The COP29 Climate Summit stretches negotiations beyond the planned limit. The figure of 250 billion euros in economic aid that rich states must provide to impoverished countries proposed by the president of the summit, Mukhtar Babayev, has fallen like a bomb: “Is it a joke?” various delegations have aired this week. Friday.
The draft written offer admits that financing for impoverished countries to confront the climate crisis must reach $1.3 trillion a year from 2035 from both public and private sources. But it estimates the amount borne by developed countries at 250,000 million. In 2009 it was agreed that this amount would be 100,000 million starting in 2020 and it was not possible to add that amount until 2022.
The island countries allied in the Aosis group have summarized their position thus: “The proposal seems like a question to the parties about how low they can go.” The African countries have concluded, even before attending a plenary session where they will present their opinion, that such an amount “will lead to an unacceptable loss of life in Africa and endanger the future of our world.”
It almost seems like a strategy by the COP presidency to set an initial goal so low that anything else that comes out in the following hours, no matter how small, feels like a success.
Javier Andaluz
— Head of Climate Change at Ecologistas en Acción
“This proposal should not pass the filter of small island countries and Latin America. They cannot assume this,” reflects the head of Climate Change at Ecologistas en Acción, Javier Andaluz, from Baku. All in all, Andaluz points out that “this almost seems like a strategy of the COP presidency to set an initial objective so low that anything else that comes out in the following hours, no matter how small, feels like a success.”
For Pedro Zorrilla, from Greenpeace, “the main flaw in the draft financing objective is the figure. It is very low compared to what is necessary. “It would be similar to what was set in 2009 if inflation is applied.”
The draft calls on “developing countries to make additional contributions” to “supplement” the fund allocated to rich states. It is a call for China – and even India – to contribute money even though they are officially on the list of developing states.
The dispute between poor countries that need financing and rich countries that demanded more decision when it comes to cutting CO2 emissions has been the protagonist of this summit. Once we have reached this point, the summit has exceeded its theoretical closing time. It is so common for negotiations to be extended each year that it is assumed that something like this will happen when the editions are rushed.
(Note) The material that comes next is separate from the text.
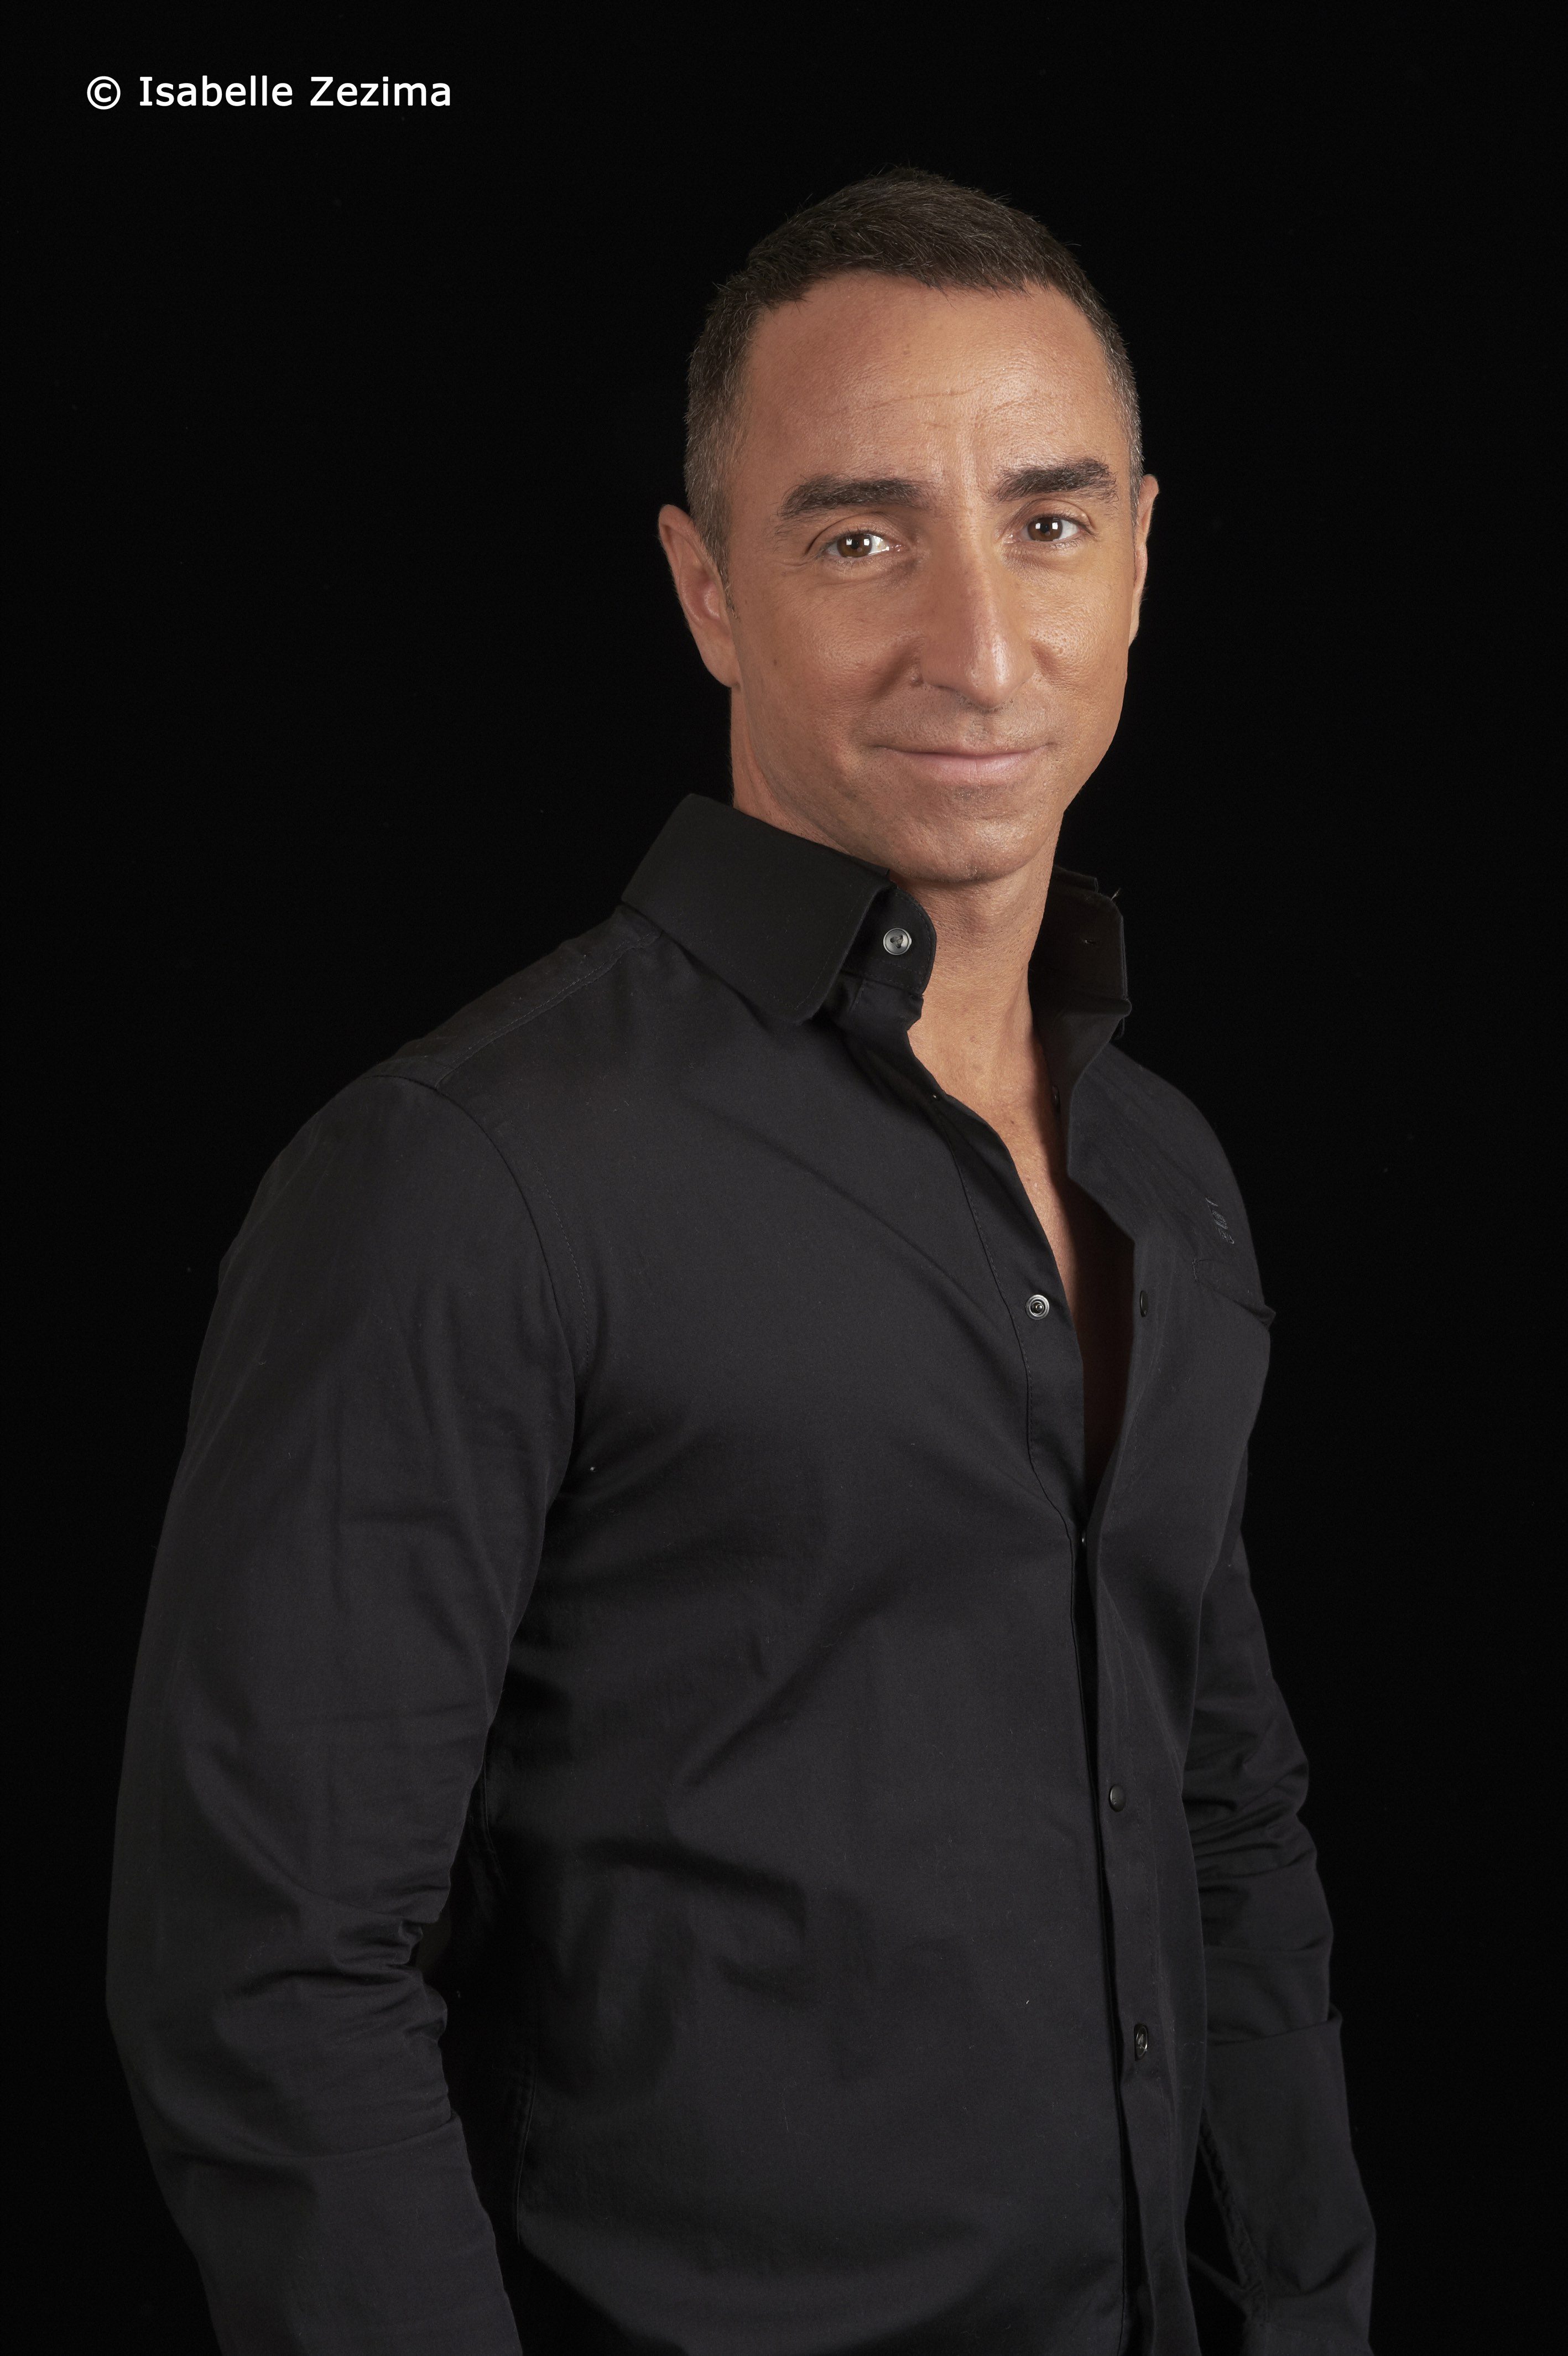 Portrait Presse pour Giuliano Peparini, danseur, chorégraphe et metteur en scène.

All delegates and observers in Baku consulted estimate that this summit will last at least until this Saturday, November 23. They do not dare to predict the maximum it will reach.
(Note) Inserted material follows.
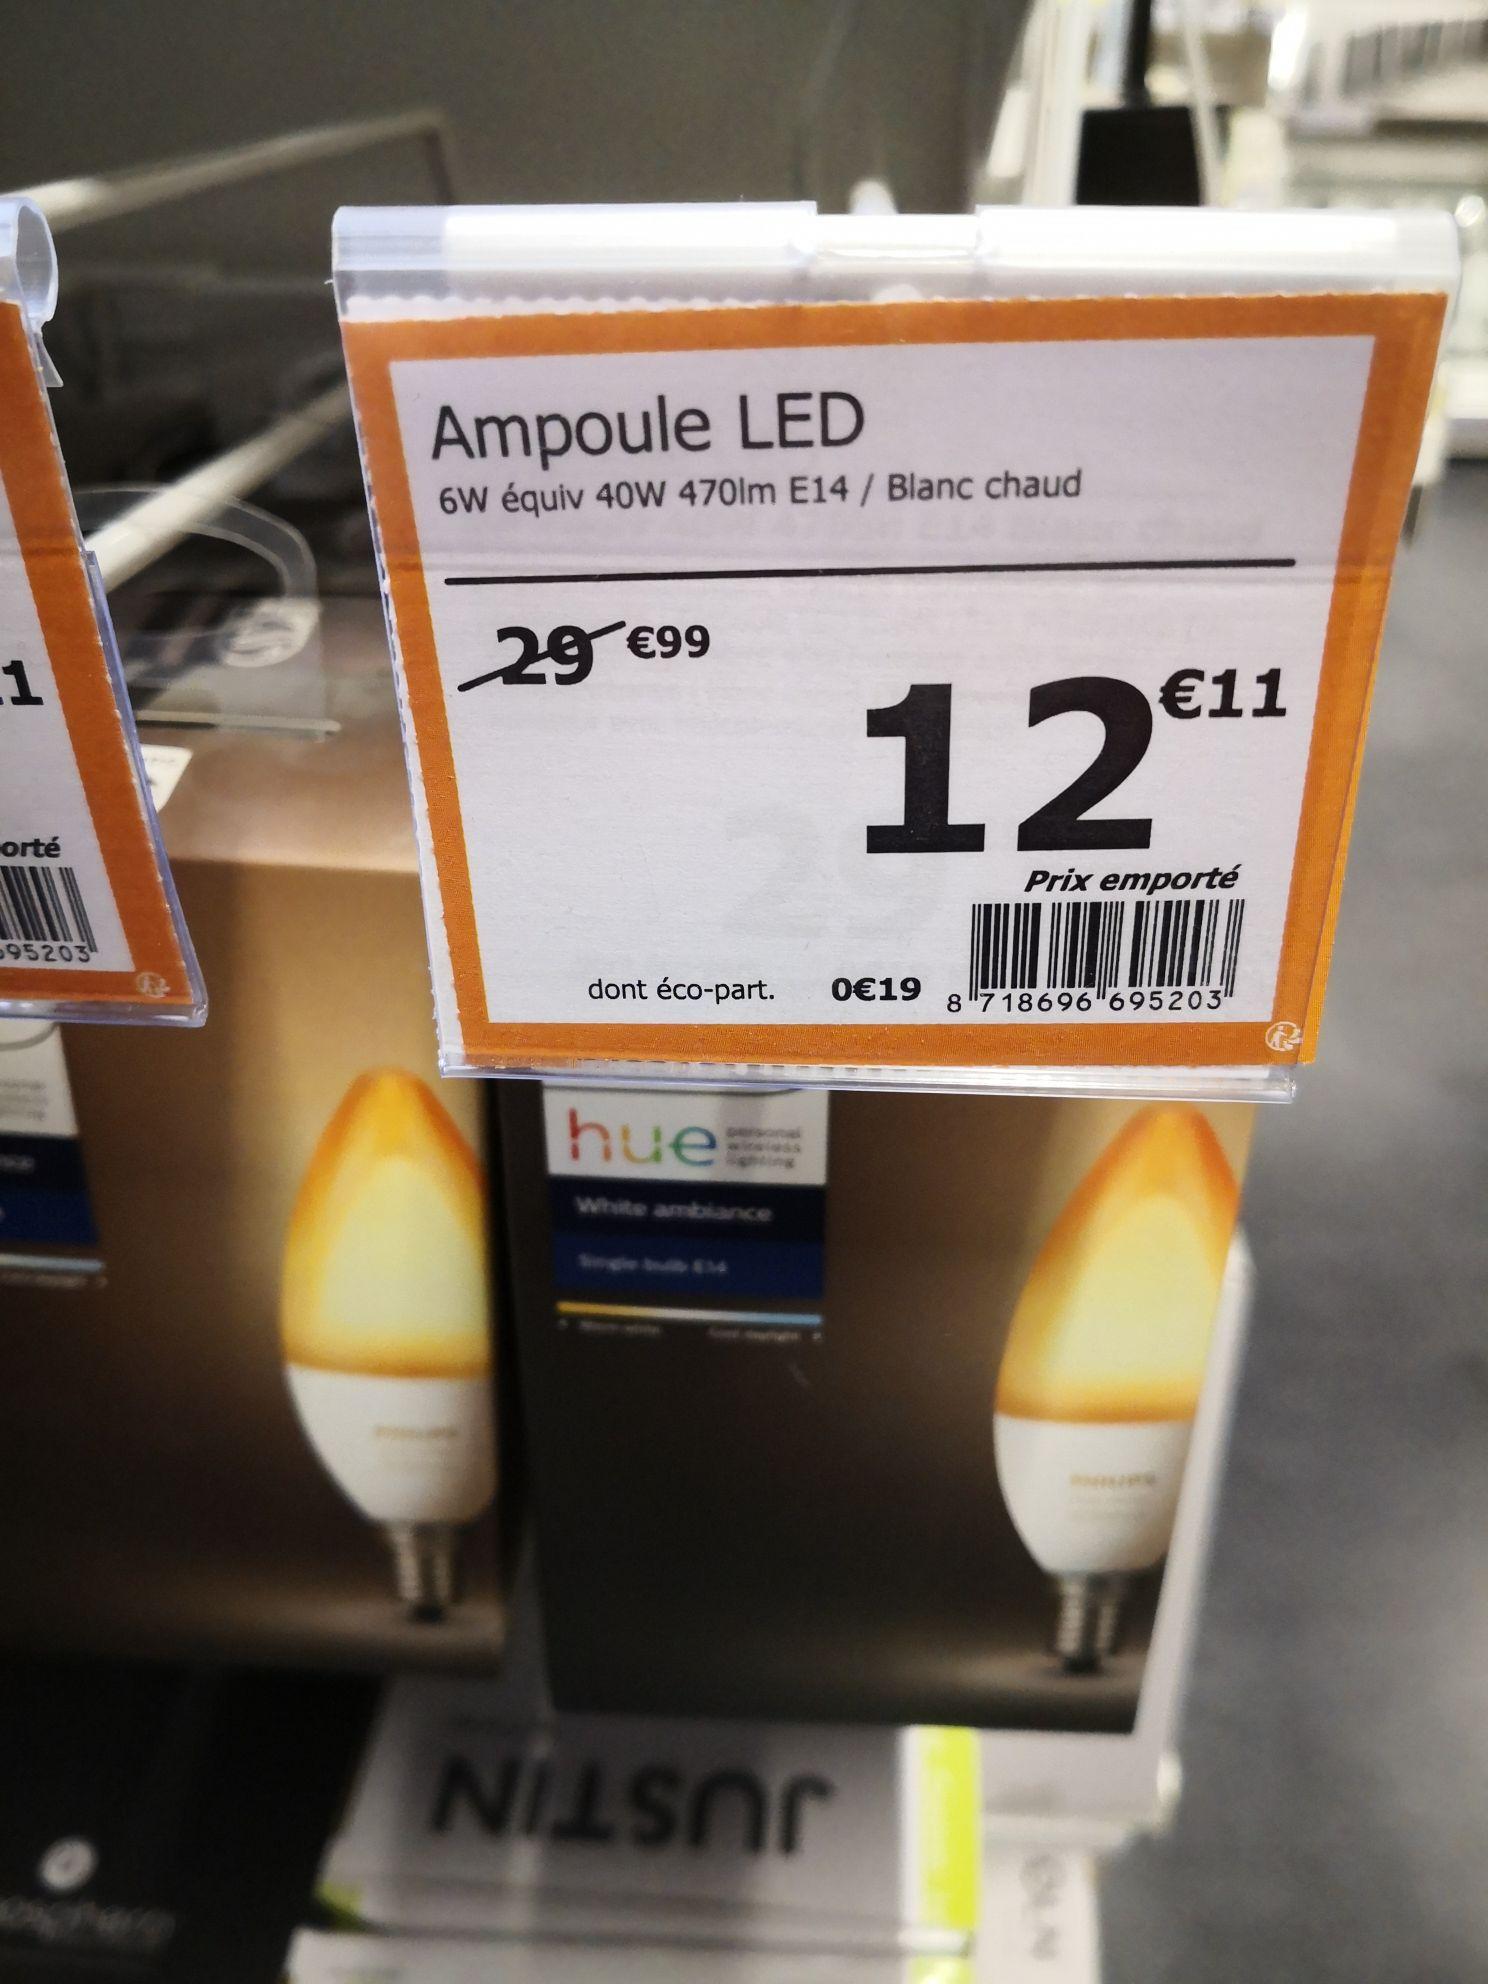 Ampoule LED Philips Hue White Ambiance (E14, GU10) - La Queue-en-Brie (94)

Nothing new about cutting fossil fuel use
In the lead up to the draft proposal on funding, what has disappeared is any specific mention of fossil fuels: the oil, coal and gas whose use causes the greenhouse gas emissions that cause the climate crisis.
Both in the section on the Mitigation Work Program and in the document that must provide continuity to the General Balance of the Paris Agreement, there is no direct reference to the abandonment of fossil fuels. Saudi Arabia, on behalf of the Arab Group, has repeated that it would not accept any industrial sector being singled out “like fossils,” they said. Even the president of Azerbaijan himself, Ilham Alyev, called these fuels a “gift from god” on the first day of the COP. And he rejected the criminalization of countries that extract and sell them (such as Azerbaijan or Saudi Arabia).
The proposals of the summit presidency refer to the paragraphs (without repeating them) of the Dubai agreement that did call for “moving away from fossil fuels” for the first time in the history of the COPs. But nothing more.
The idea of including more specific and ambitious guidelines on moving away from oil, coal and gas to reduce gas emissions is that these guidelines would force countries to draft more ambitious national climate plans due next year. . Whether the objective of these summits can be met depends on these plans – and their fulfillment –: containing global warming of the planet to 1.5ºC by the end of the century. And with it, the most severe damage from climate change.